Exhibit (4)
AMENDMENT NO. 2
Dated as of April 27, 1995
to
CREDIT AGREEMENT
dated as of November 2, 1993
XXXXX-XXXXXXX FIBERGLAS CORPORATION, a Delaware
corporation (the "Borrower"), the banks listed on the signature
pages hereof (the "Banks"), and CREDIT SUISSE, as Agent (the
"Agent") for the Banks under the Credit Agreement, dated as of
November 2, 1993 (as amended by Amendment No. 1 thereto, the
"Credit Agreement"), among the Borrower, the Banks and the Agent
hereby agree as follows (with capitalized terms used herein and not
otherwise defined having the meaning ascribed thereto in the Credit
Agreement):
1. From and after the date hereof, the Credit Agreement
shall be amended by inserting the following at the end of the
definition of "Mandatorily Redeemable Stock" contained in Section
10.01 thereof:
"For purposes of this Agreement, the MIPS (as defined in
Section 4.10) shall not constitute Mandatorily Redeemable
Stock."
2. This Amendment No. 2 shall be construed in
accordance with and governed by the law of the State of New York
(without giving effect to its choice of laws principles).
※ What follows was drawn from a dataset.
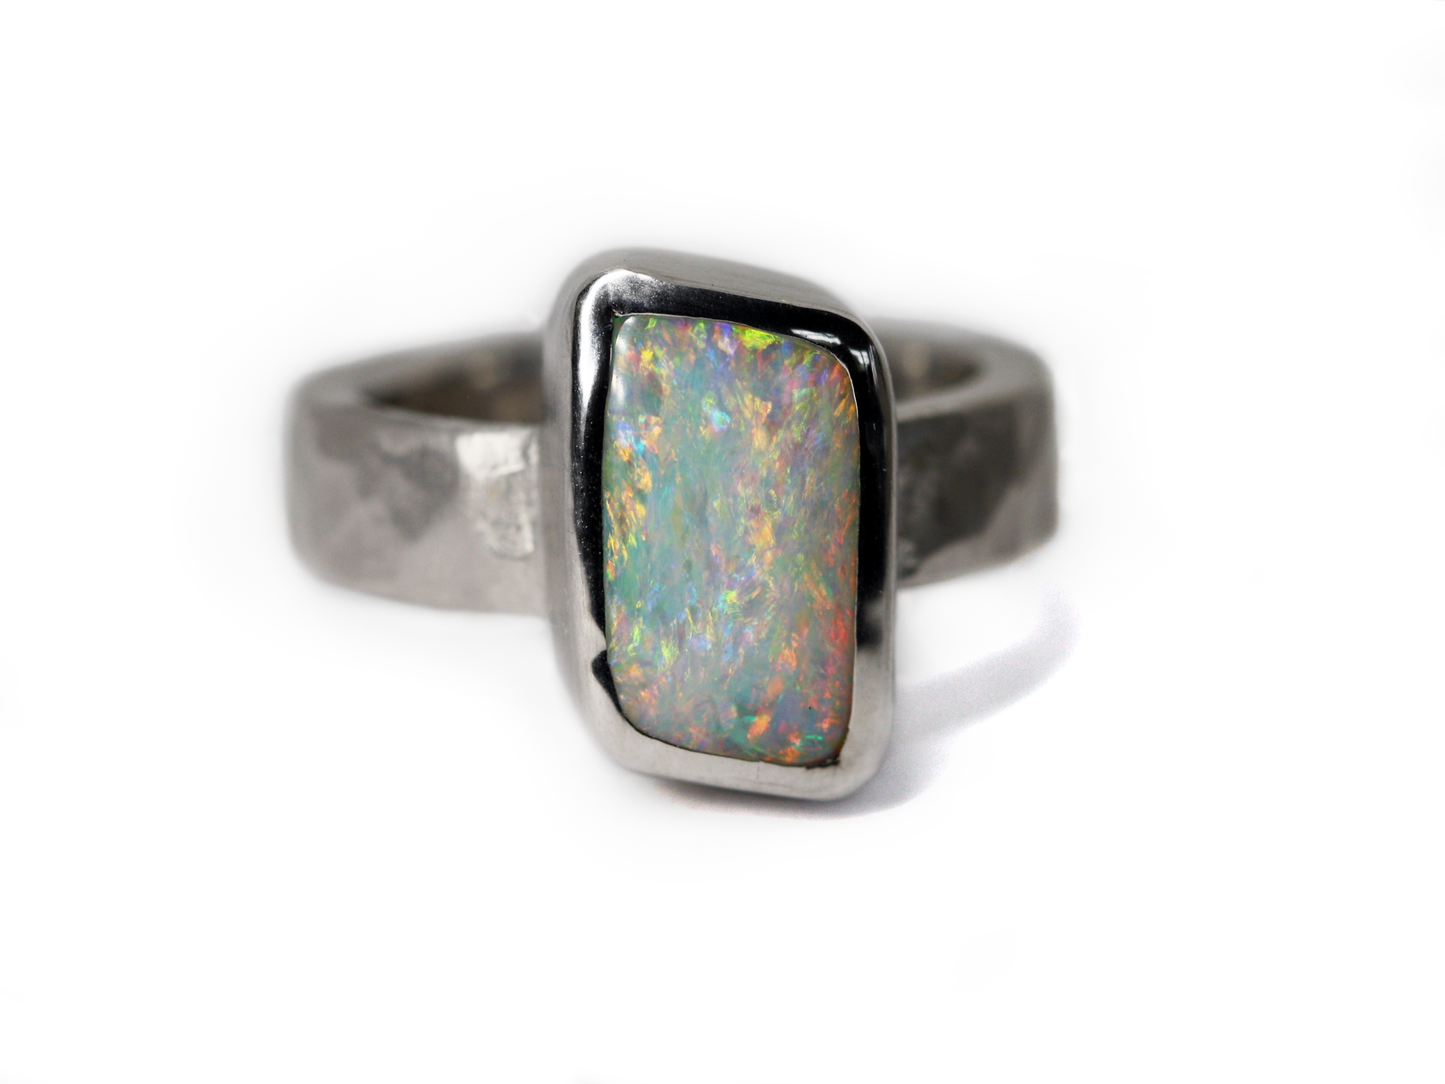 Queensland Boulder Opal Sterling Silver Ring. Light opal hand crafted in Brisbane Studio using ethically sourced materials. Wide textured band with a hammered finish. Stone is white pink and green. 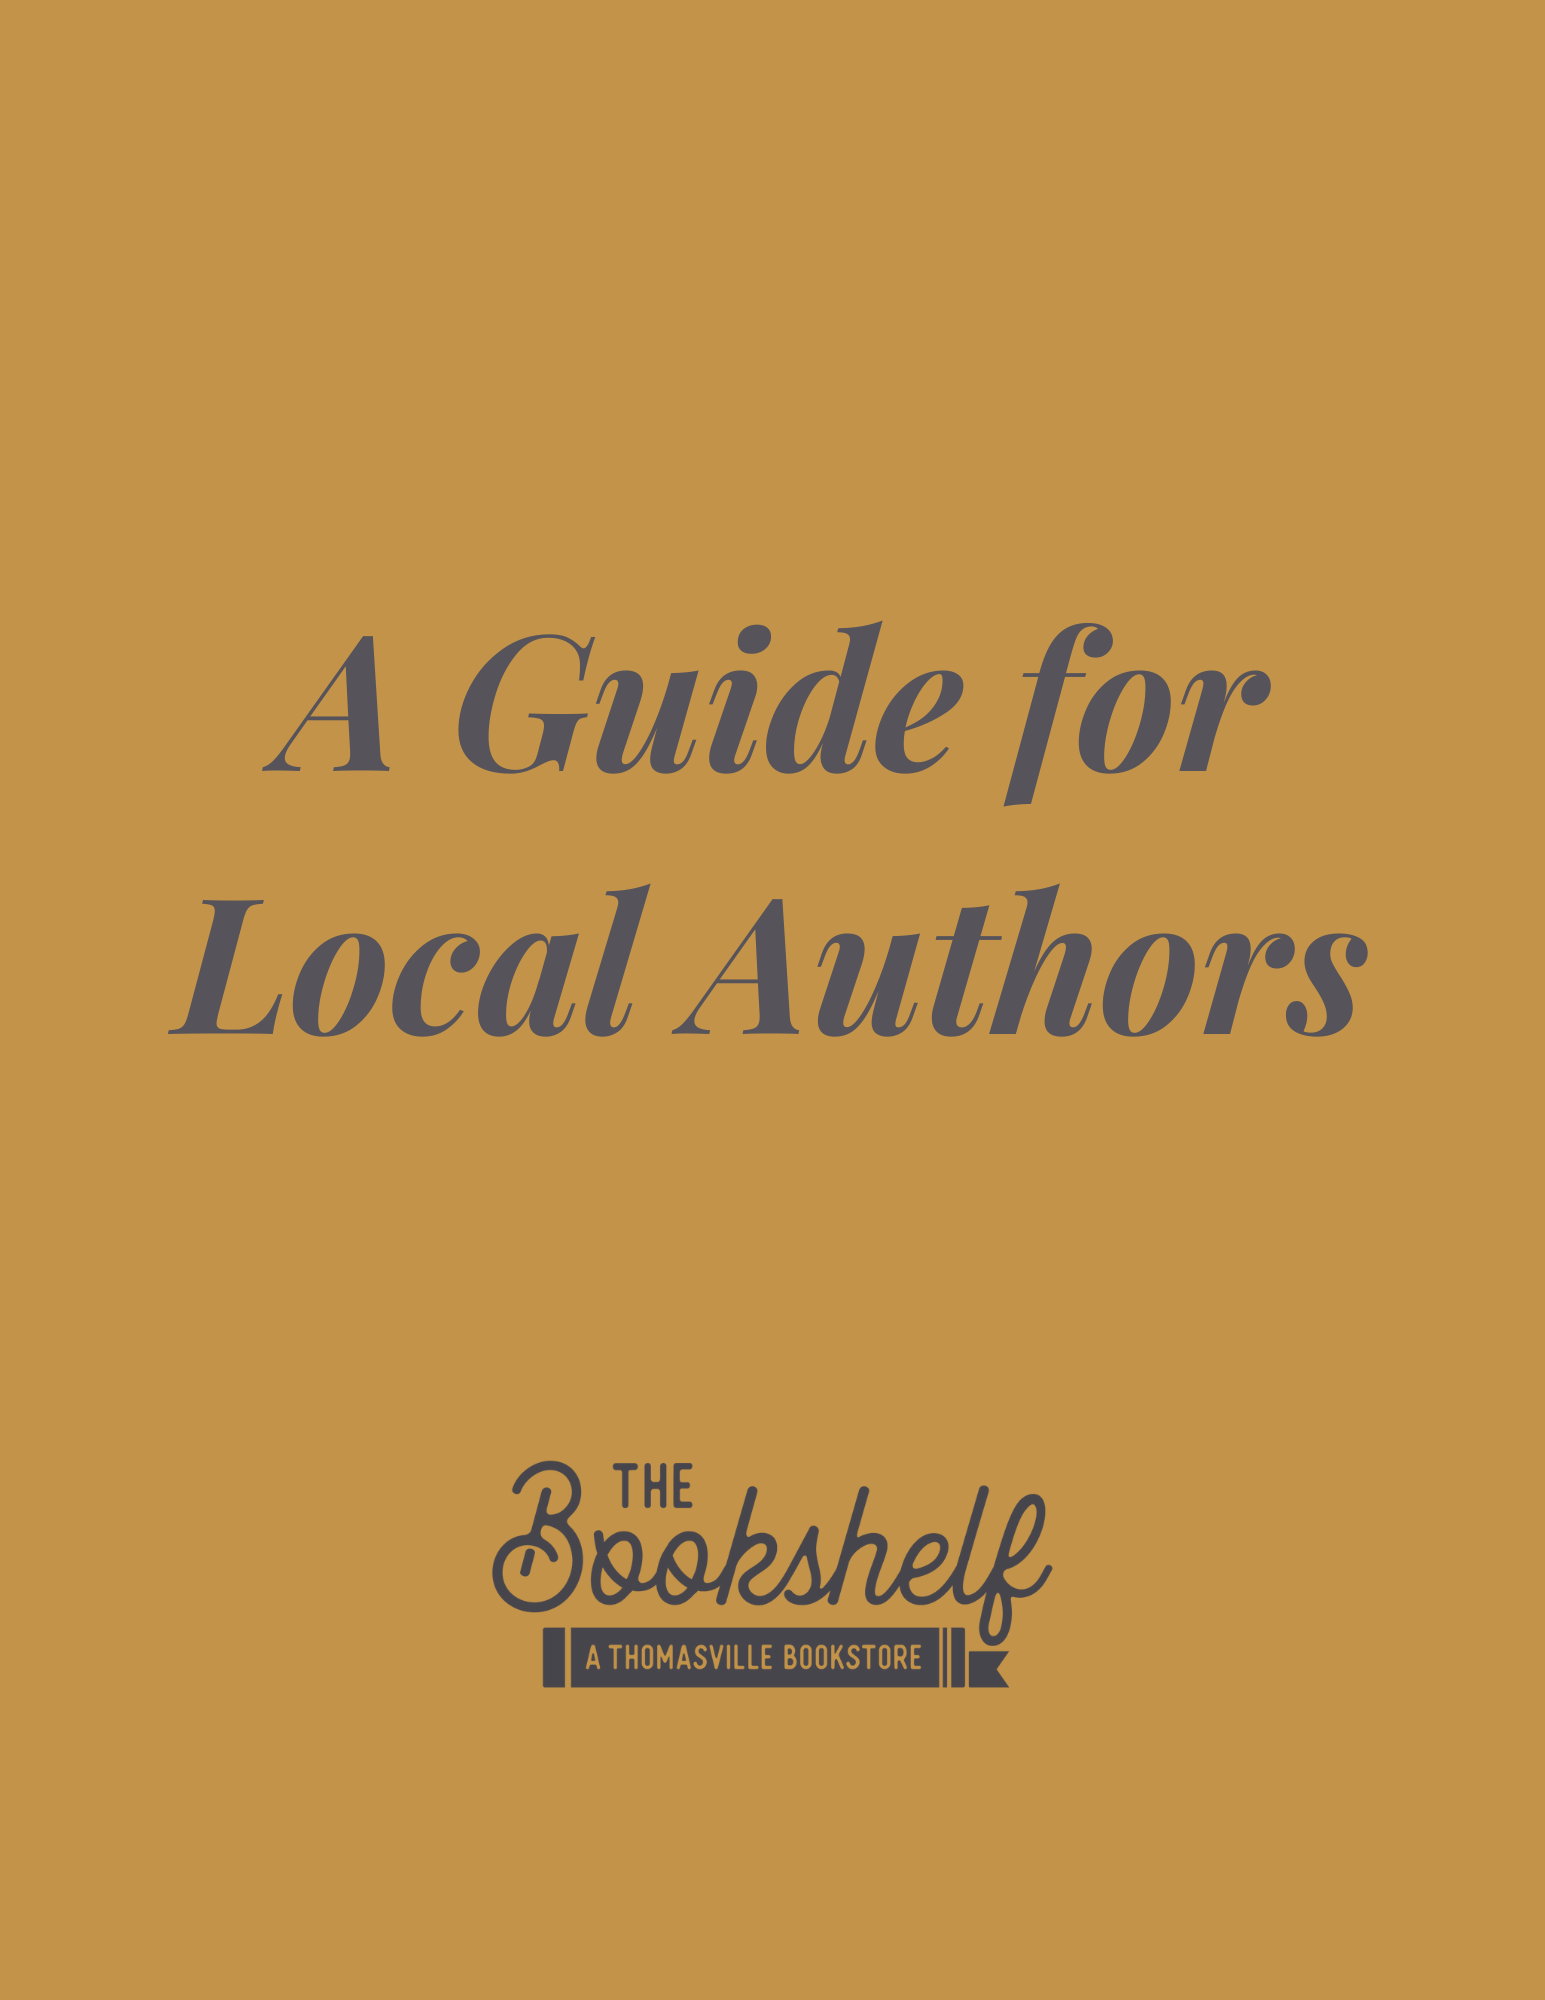 A Guide for Local Authors

3. This Amendment No. 2 may be signed in any number of
counterparts, each of which shall be deemed to be an original, with
the same effect as if the signatures thereto and hereto were upon
the same instrument, and shall become effective as of the date
hereof upon execution and delivery by the Borrower, the Agent and
the Majority Banks.
4. From and after the date hereof, each reference in
the Credit Agreement to "this Agreement", "hereof", "hereunder" or
words of like import, and all references to the Credit Agreement in
any and all agreements, instruments, documents, notes, certificates
and other writings of every kind and nature shall be deemed to mean
the Credit Agreement as modified and amended by this Amendment No.
2.
IN WITNESS WHEREOF, the parties hereto have caused this
Amendment to be duly executed and delivered by their respective
authorized officers as of the date first above written.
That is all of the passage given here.